Why Pacific Grove Matters to Pension Reformers

UnionWatch has just released the fourth and final installment of “The Fall of Pacific Grove – The Final Chapter,” written by John Moore, who is a retired attorney and resident of Pacific Grove. This four part series constitutes an extended epilogue to a eight part series on Pacific Grove which was published last year on UnionWatch. Links to all twelve installments appear at the conclusion of this post.

Moore’s earlier set of articles describe in detail how Pacific Grove slid inexorably towards insolvency by yielding, again and again, year after year, to pressure from local government unions to award unaffordable pension benefits to city employees. Pacific Grove’s challenges are a textbook case of how there is simply no interest group, anywhere, currently capable of standing up to the political power of government unions. This small city now faces the possibility of selling off every asset they’ve got, primarily real estate, to private developers to raise cash for the city’s perpetually escalating annual pension contributions. They face the possibility of rezoning to allow construction of huge tourist hotels that will destroy the quality of life for residents, in order to enable new tax revenue producing assets to help pay the city’s required pension contributions.

Anyone familiar with local politics knows that one of the only special interests with the financial strength to oppose government unions in small towns are land developers. This end-game, where public assets are sold to developers to generate cash for pension contributions ought to put to rest any remaining debate as to who runs our cities and counties. Of course developers aren’t going to oppose government unions. By extension, and in a disappointing twist of irony, why should any libertarian leaning private sector special interest oppose government unions? As these unions drive our public institutions into bankruptcy, private sector investors buy the assets of our hollowed out public institutions at fire sale prices.

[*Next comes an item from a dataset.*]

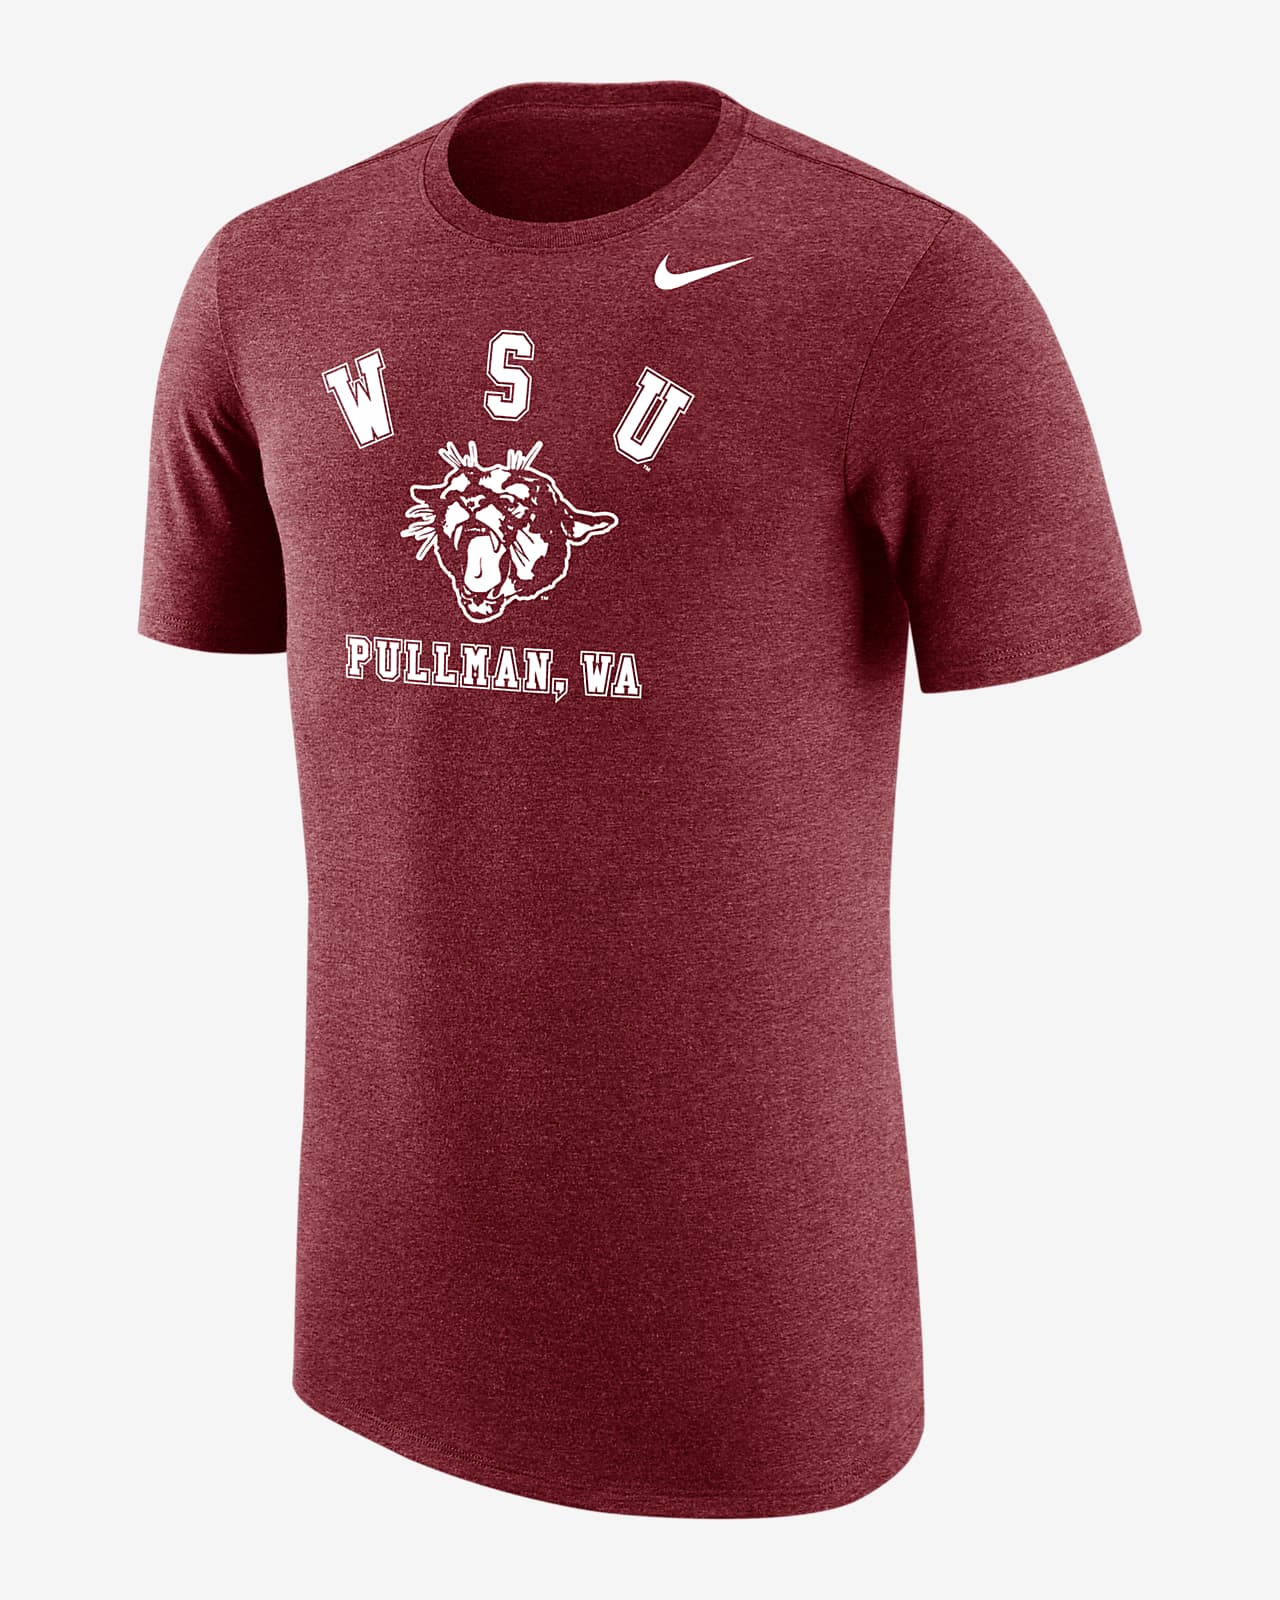 Washington State Men's Nike College T-Shirt

In this new four part series, author John Moore challenges the so called “California Rule” that supposedly makes pension modifications – even prospectively – legally impossible. But he also summarizes another legal approach to reform, one that takes into account the lack of due process and the ignorance of specific commitments made in the original granting of financially unsustainable pension benefit enhancements. It is an approach that has many facets and can be utilized in many California cities and counties. Unfortunately, Moore also exposes why this approach to reform, while viable, was only tepidly attempted in Pacific Grove.

While anyone serious about pension reform should read Moore’s work in its entirety, one of his key points concerns the “California Rule.” He writes:

“Cases discussing state employee pension rights are not germane to the issue of whether a local agency’s employees have a vested pension right, because the discussions in the state employee cases assume that the employees have vested rights, while in non-state cases the issue is whether the legislative body granted a vested right.”

Moore’s point, delved into in great detail in part one, is that unless a lifetime (full career) annual pension benefit accrual at a specific rate is explicitly granted by a legislative body, the presumption is that it is not. This means that changing pension benefits for existing employees from now on, prospectively, in many of California’s cities and counties, is not a violation of the California Rule.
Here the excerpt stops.